Some weeks there is not a lot of Flutter content published by the community. Some other weeks there is a lot of content out there. This week is one of the latter. My job is to select the best content for you, so let's get started right away: there is a lot to cover today.
- Michele Volpato
You might not know it, but AWS has a tool that helps mobile developers creating backends for their app: Amplify. It comes with (beta) Flutter packages. In this article, Derek Bingham shows a simple implementation of the BLoC pattern that handles the state from Amplify DataStore.
CustomPaint widgets and how to render and control a custom UI in Flutter with this well-written tutorial by Samarth Agarwal.
Adam Kif started a series of articles about animations in SwiftUI and Flutter. This is the Flutter one. If you are just getting started with animation, this is a good starting point.
One of the projects I am working on will need charts and I am looking forward to applying what I learned from this article.
You can add Google Maps to your Flutter app, and it is quite easy. But what if you want to have a custom map in your app? In this detailed article, Jaimil Patel deep dives into customizing your Google Map in Flutter. There is a lot to read, so grab a snack before you start.
I still have problems with Navigation 2.0 in Flutter. More in detail, the interaction between the state of the app and removing/adding pages to the page stack.

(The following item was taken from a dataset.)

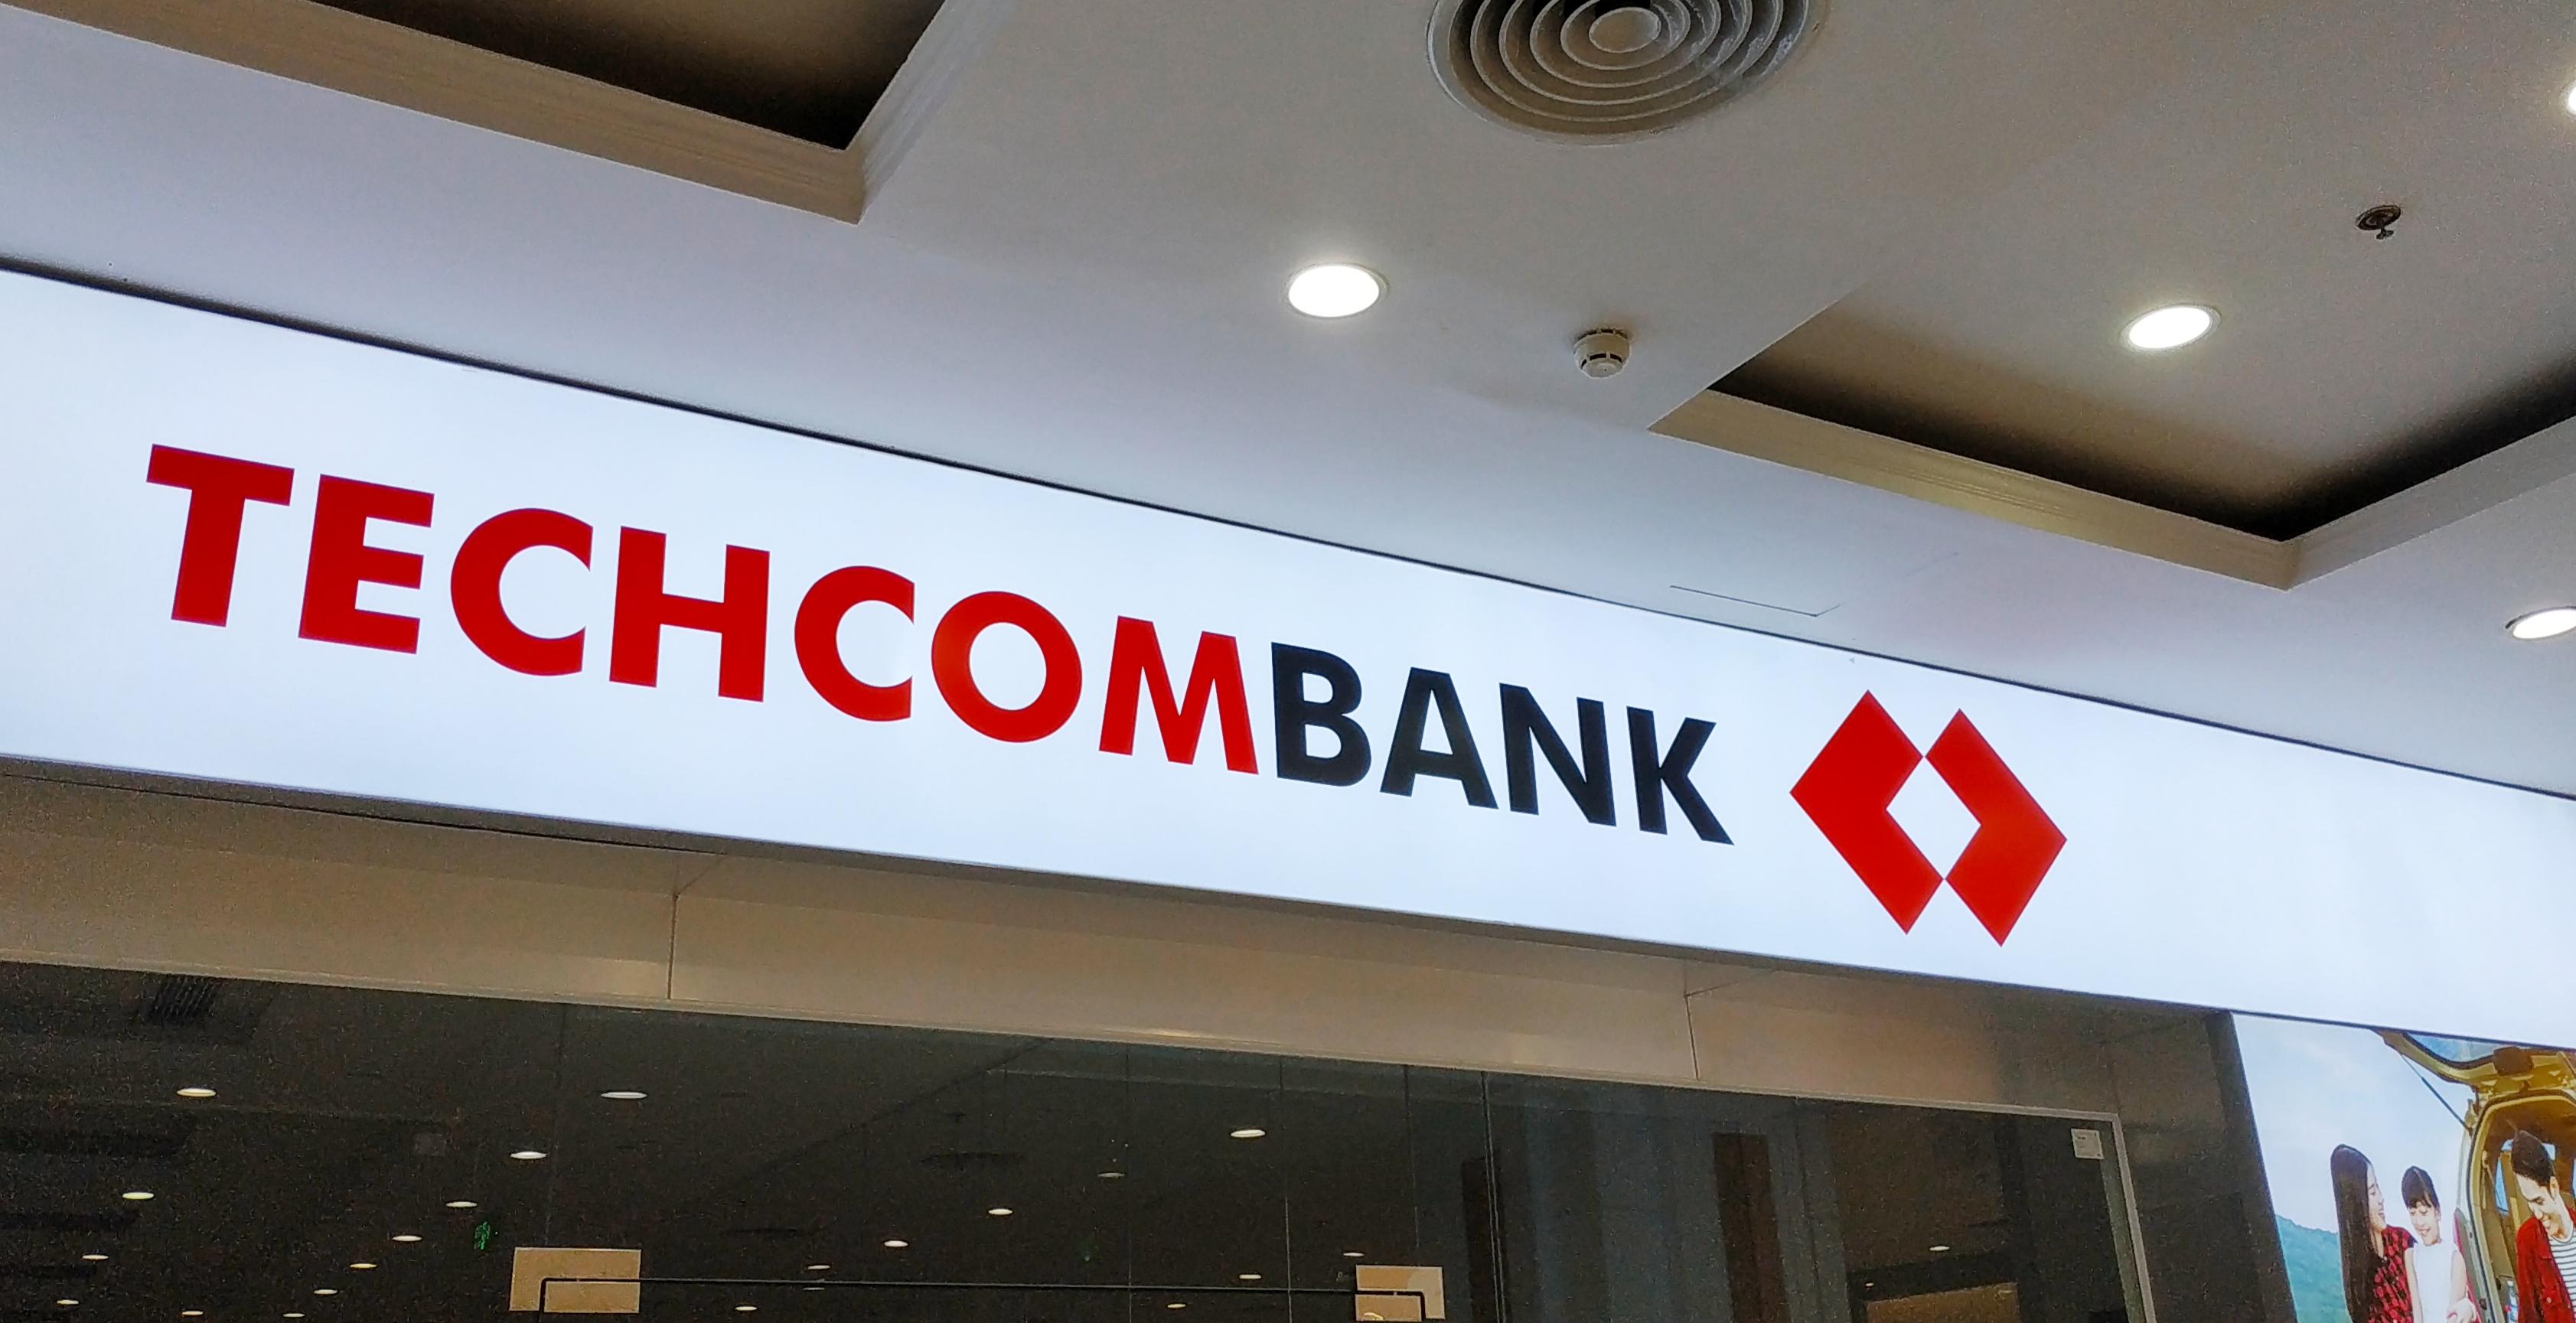 Techcombank vừa huy động 5.000 tỷ đồng trái phiếu không bảo đảm - Ảnh 1.

In this article, Jalal Addin Okbi integrates Navigator 2.0 and the BLoC pattern. I have abandoned BLoC more than a year ago, but if you are into it, then enjoy it.
I am working on many Flutter projects. Most of them get updated to the latest stable Flutter version fairly soon after its release. One of them is still on Flutter 1, and, for many reasons, I don't see my team migrating it soon. This means I need at least two versions of Flutter on the same machine. I use aliases because I only need two versions. Aditya Agarwal explains how to use aliases or Flutter Version Manager.
When you work on a mobile app, testing can become a difficult task. In the office we have half a dozen devices, Android and iOS, we use to do exploratory testing, but in the last year and a half, we have been working from home most of the time. That is where cloud-based app testing services come in handy. Get started with Firebase Test Lab with this article by Benson Thew.
So you have a Flutter app that works. Its performance is fine, but it could be better. What do you do? You buy a faster smartphone. Or you follow this article by Filip Hracek from the Flutter team to learn how to find where the app is not performing well.
Appwrite, the open-source backend server that winks at Firebase, added the Realtime API: a way to subscribe to your data to get updates as they happen. The Appwrite team treats Flutter as a first-class citizen, they release the Flutter SDK and documentation as fast as any other platform. Well done!
Read the rest on my website.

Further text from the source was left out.